The US Food and Drug Administration (FDA) has approved an expanded indication for Supernus Pharmaceuticals’ Qelbree (viloxazine extended-release capsules) to treat attention deficit hyperactivity disorder (ADHD) in adult patients of the age 18 and above.
Qelbree now received approval for ADHD treatment in children starting at the age of six, adolescents as well as adults.
Supernus Pharmaceuticals president and CEO Jack Khattar said: “As a leader in the field of CNS, we are fully committed to better understanding how to treat complex diseases such as ADHD.
“Today’s approval marks a major advancement in the treatment of ADHD and is an important milestone just one year after the approval of Qelbree to treat paediatric patients. We are proud to bring a new novel nonstimulant option for adults into the market after two decades.”
The approval of Qelbree, a new nonstimulant taken once-daily for full-day exposure, is based on positive results obtained from a Phase III study in adults with ADHD.
It represents the first approval of a new nonstimulant treatment for adults in 20 years.
Efficacy and symptom improvement was observed early when these adults received the treatment, which has a safety and tolerability profile.

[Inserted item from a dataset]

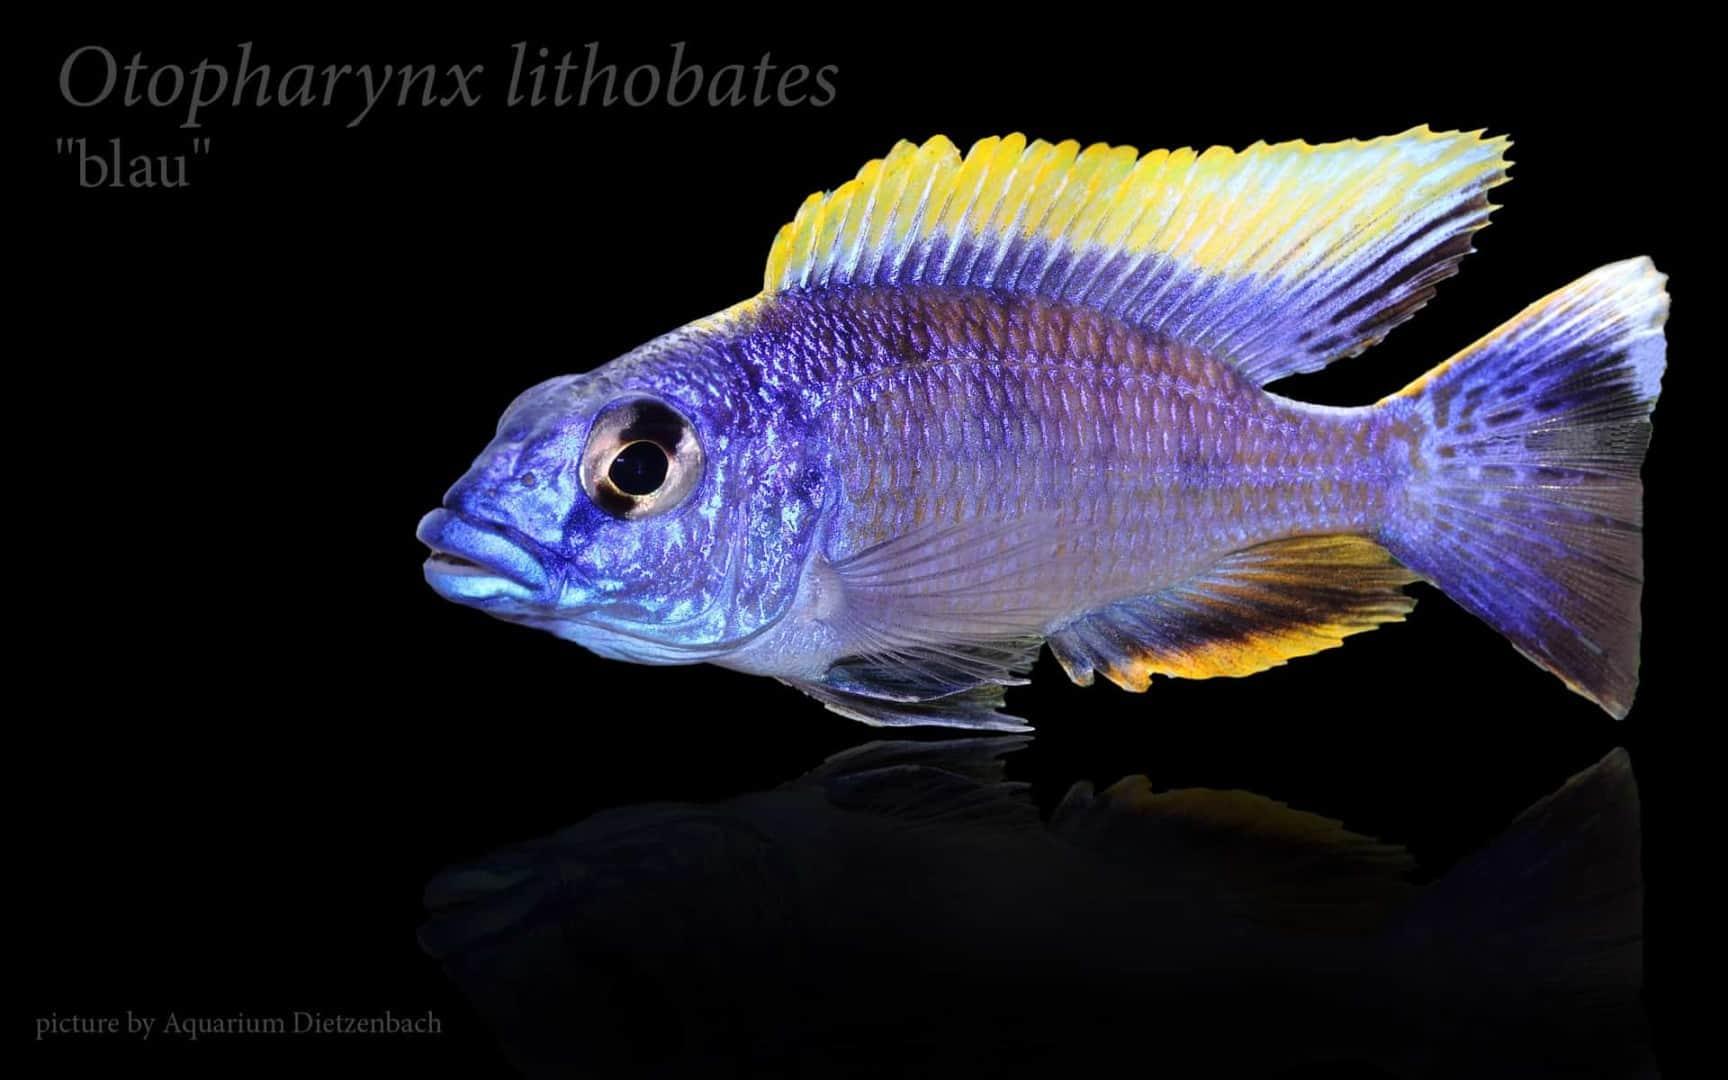 Otopharynx lithobates 7

No evidence of abuse potential was reported in clinical studies.
At a daily flexible-dose between 200mg and 600mg, the randomised, double blind, placebo-controlled Phase III trial met the primary endpoint.
The study also met the key secondary efficacy endpoint with statistical significance (p=0.0023) in the change from baseline of the Clinical Global Impression – Severity of Illness (CGI-S) Scale at week 6.
The active dose was found to be well tolerated.